I want to minimize a simple linear function Y = x1 + x2 + x3 + x4 + x5 using ordinary least squares with the constraint that the sum of all coefficients have to equal 5. How can I accomplish this in R? All of the packages I've seen seem to allow for constraints on individual coefficients, but I can't figure out how to set a single constraint affecting coefficients. I'm not tied to OLS; if this requires an iterative approach, that's fine as well.

2012-04-03 19:34
by eykanal

If the coefficients must sum to 5, then you can drop the last parameter and set it equal to 5-sum(p[1:4]) ... You could conceivably do the calculus yourself and get a closed-form expression .. - Ben Bolker 2012-04-03 19:48

@BenBolker Thanks for the suggestion. How would that work? If I phrase the equation as Y ~ x1+x2+x3+x4+x5, how do I indicate to the minimizing function that I want to keep the parameter for x5 set to 5-sum(x[1:4])? I can't just solve for Y ~ x1+x2+x3+x4, because that (appears to me to be) a completely different optimization problem - eykanal 2012-04-03 19:55

At present I think this problem is ill-defined. Suppose (for simplicity) that n=3 and sum(p)=C. The original linear problem (without constraints) is ill-posed, because we can make a1*x1+a2*x2+a3*x3 as small as we want by setting the coefficients to large negative numbers if x is positive and vice versa. Putting the constraint on (a1+a2+a3=C) transforms this to a lower-dimensional, but still ill-posed problem, i.e. minimizing a1*(x1-x3)+a2*(x2-x3)+C*x3). Care to clarify the problem ... ? (Perhaps you mean you want to fit a linear least-squares problem?? - Ben Bolker 2012-04-03 20:05

If the last sentence of the previous comment is what you want, then I think you can do this by transforming your parameters and using an offset ... I won't bother to spell it out unless you clarify what you actually want to do .. - Ben Bolker 2012-04-03 20:07

@BenBolker Sorry if my terminology is wrong. I'm currently minimizing a linear function using an ordinary least squares approach. If this requires using optim or nlminb or something, though, that's fine as well. So yes, that's what I'm looking for, and clarification will be rewarded with cupcakes (actual cupcakes not included) - eykanal 2012-04-03 20:10

The basic math is as follows: we start with

mu = a0 + a1*x1 + a2*x2 + a3*x3 + a4*x4

and we want to find a0-a4 to minimize the SSQ between mu and our response variable y.
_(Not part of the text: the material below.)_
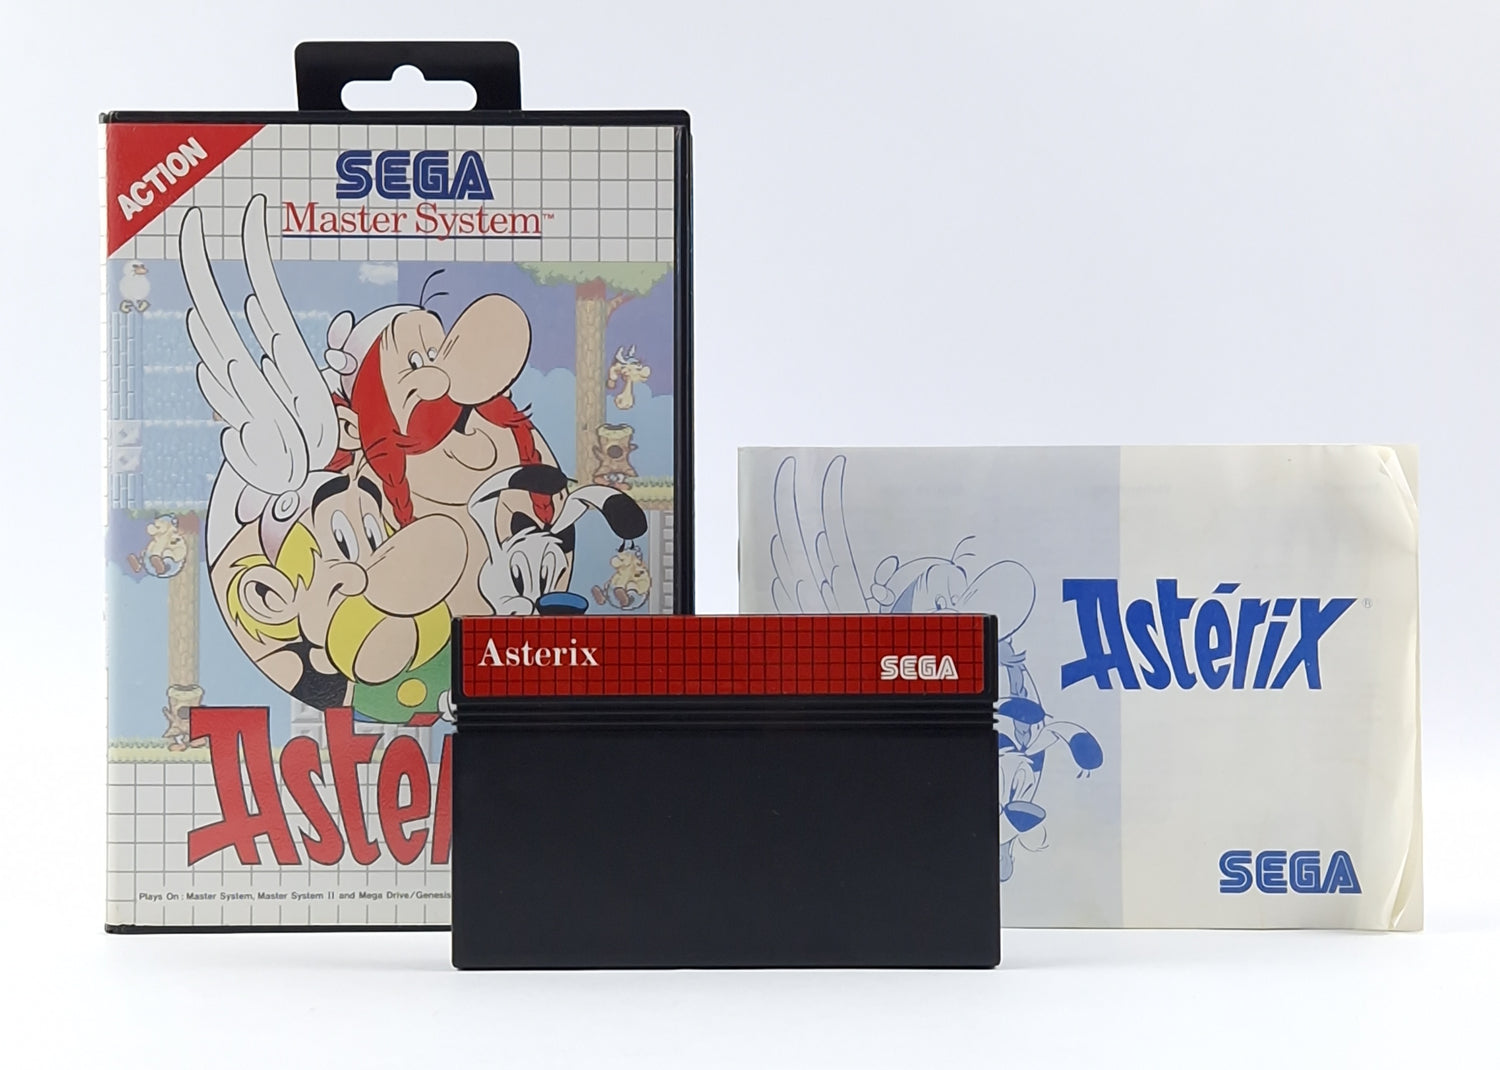 Sega Master System Game: Asterix - OVP Instructions Module - PAL Game Good

if we replace the last parameter (say a4) with (say) C-a1-a2-a3 to honour the constraint, we end up with a new set of linear equations

mu = a0 + a1*x1 + a2*x2 + a3*x3 + (C-a1-a2-a3)*x4
   = a0 + a1*(x1-x4) + a2*(x2-x4) + a3*(x3-x4) + C*x4

(note that a4 has disappeared ...)

Something like this (untested!) implements it in R.

Original data frame:

d <- data.frame(y=runif(20),
                x1=runif(20),
                x2=runif(20),
                x3=runif(20),
                x4=runif(20))

Create a transformed version where all but the last column have the last column "swept out", e.g. x1 -> x1-x4; x2 -> x2-x4; ...

dtrans <- data.frame(y=d$y,
                     sweep(d[,2:4],
                           1,
                           d[,5],
                           "-"),
                     x4=d$x4)

Rename to tx1, tx2, ... to minimize confusion:

names(dtrans)[2:4] <- paste("t",names(dtrans[2:4]),sep="")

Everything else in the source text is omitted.